The package is well tested.

decnum.Quad is a 128 bits fixed-size base-10 floating point

https://github.com/rin01/decnum
https://godoc.org/github.com/rin01/decnum

[kostya-sh]

@rin01, your decnum package looks very interesting. In fact I think that a package that supports both fixed size types (decimal.Single, decimal.Double, decimal.Quad) and an arbitrary precision type (decimal.Number) for decimal numbers that is modeled after decnumber library could be a very good addition to golang.org/x packages. Such package will probably will have to be implemented in pure Go. I don't think that it fits math/big package though as the APIs are quite different. Maybe you can create another proposal?

If possible I would like to keep this proposal limited to the new math/big Decimal type with a set of methods similar to Float type. The purpose of big.Decimal is to provide a standard and consistent API to work with arbitrary precision decimal numbers in Go that will work for 99% of users. And users requiring more control or better performance or different API could look at other packages similar to your decnum proposal.

I will update the proposal with more details as requested by @griesemer soon.

[kostya-sh]

I have updated the issue to include more details about the proposed implementation.

[rin01]

@kostya-sh: I agree with you. This proposal should be limited to math/big Decimal type with similar API to Float type. This would be great and will make the arbitrary-precision package math/big complete in a consistent manner.

Fixed-size base-10 floating point like decimal128 is another topic and should belong to another package and issue.
Just for info, I am working on my decnum package to make it fully tested, debugged and usable for next week.
This way, even if a pure Go implementation of decimal128 (aka decnum.Quad) is desirable, it won't be an urgent topic any more.

[mpvl]

As an FYI, some of the issues that are aimed to be solved by this proposal, like rounding modes and precision (trailing zeros), I plan to address in the number formatting package in the text repo. In this model, aspects like rounding and precision are considered a property of the visualization, not the underlying number. This allows precision in computation to be higher than that of visualization. The number rendering would also support the big variants.

This is not to say that an addition of big.Dec (naming to be consistent) wouldn't be useful; I think it would be, even though it could be easily simulated with big.Int. Mostly, it would define a standard for decimal numbers so that it can be supported out of the box in other repos (like text). Note that many major frameworks, including .Net, OS X Foundation, Java etc. all have this functionality in their core library, which indicates it probably belongs there.
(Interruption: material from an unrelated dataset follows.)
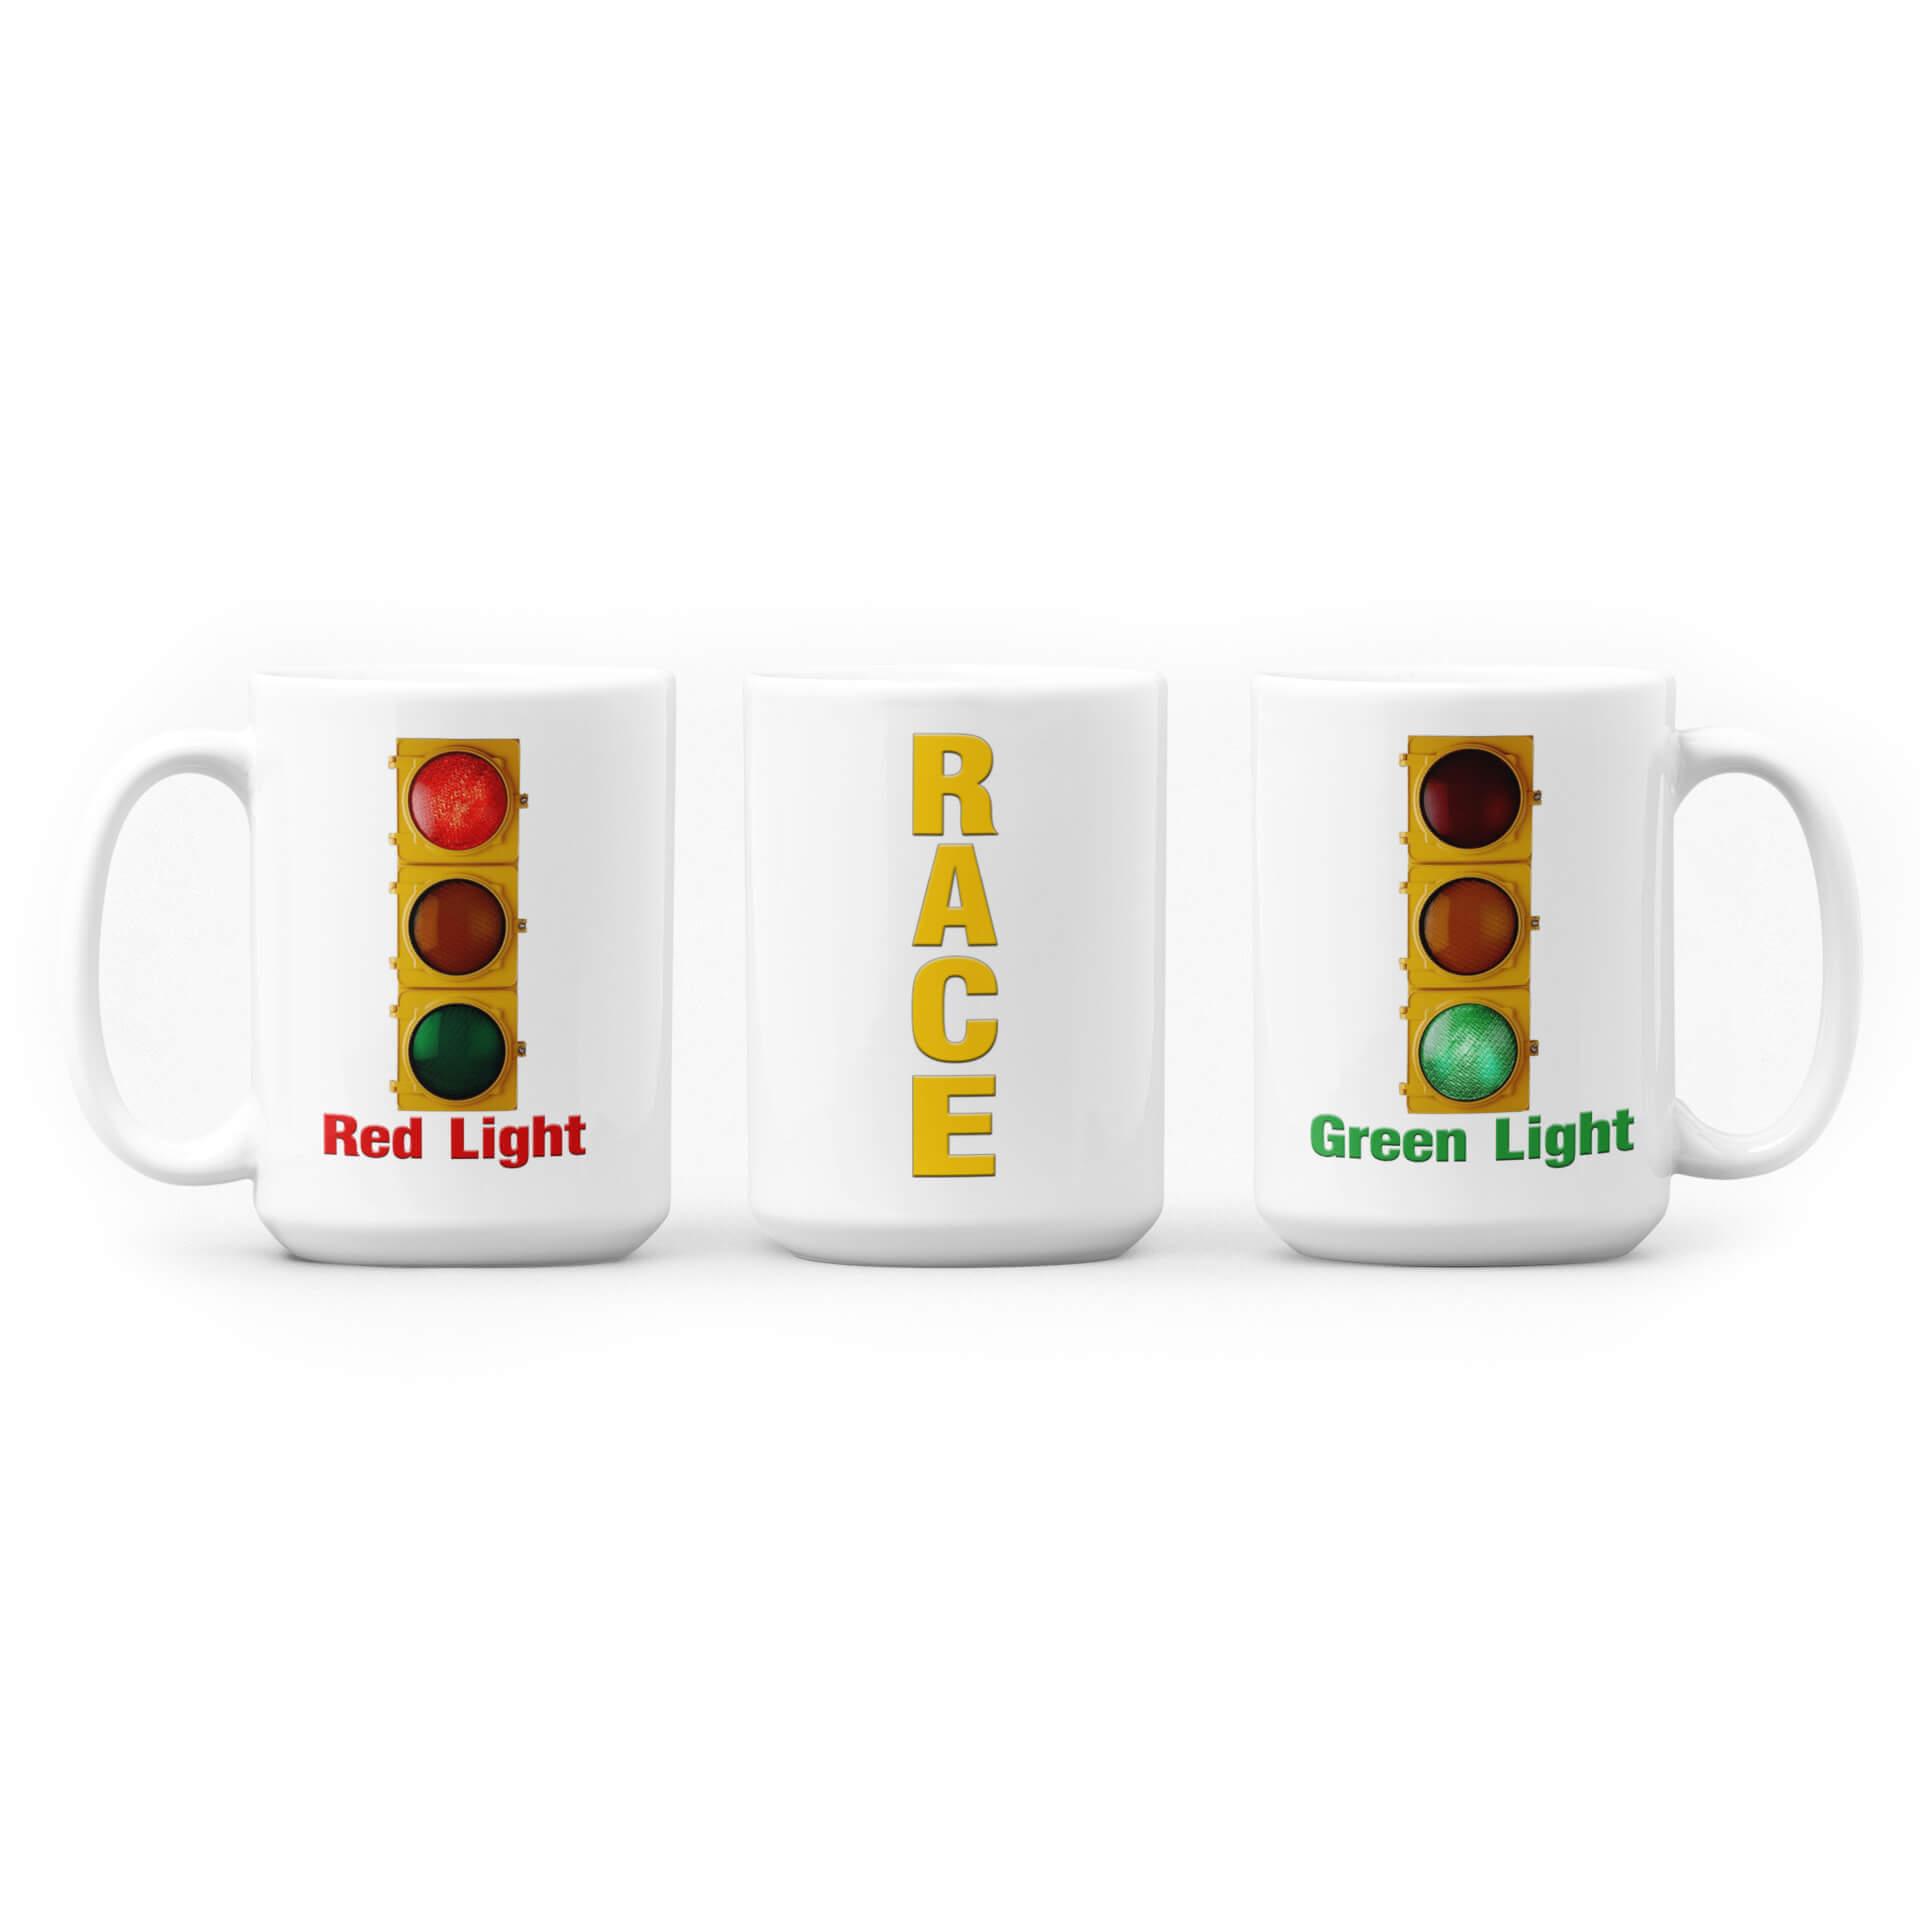 Red Light - Green Light: Race Mug

One could try to make the rounding definitions more general than just math/big. One could define a math/round package (as in .Net) or, IMO better, define the rounding modes and behaviors in math and add a func Round(float64, Rounding) (res float64, exact bool) to complement Floor and Trunc. In math/big, the various operations would use these rounding types. The method Dec(round math.Rounding) (d *Dec, exact bool) could then be defined on Rat to convert it to Dec. There is no efficient easy way to do that now that I can think of.

Note that these rounding parameters don't cover the whole spectrum of rounding algorithms. For currencies and in finance one sometimes does not round to a power of 10. I think it will be sufficient to simulate it, though. For example, rounding for Swiss accounting could be achieved by rounding HalfEven and then completing the rounding "manually" to select 0 or 5 for the last digit.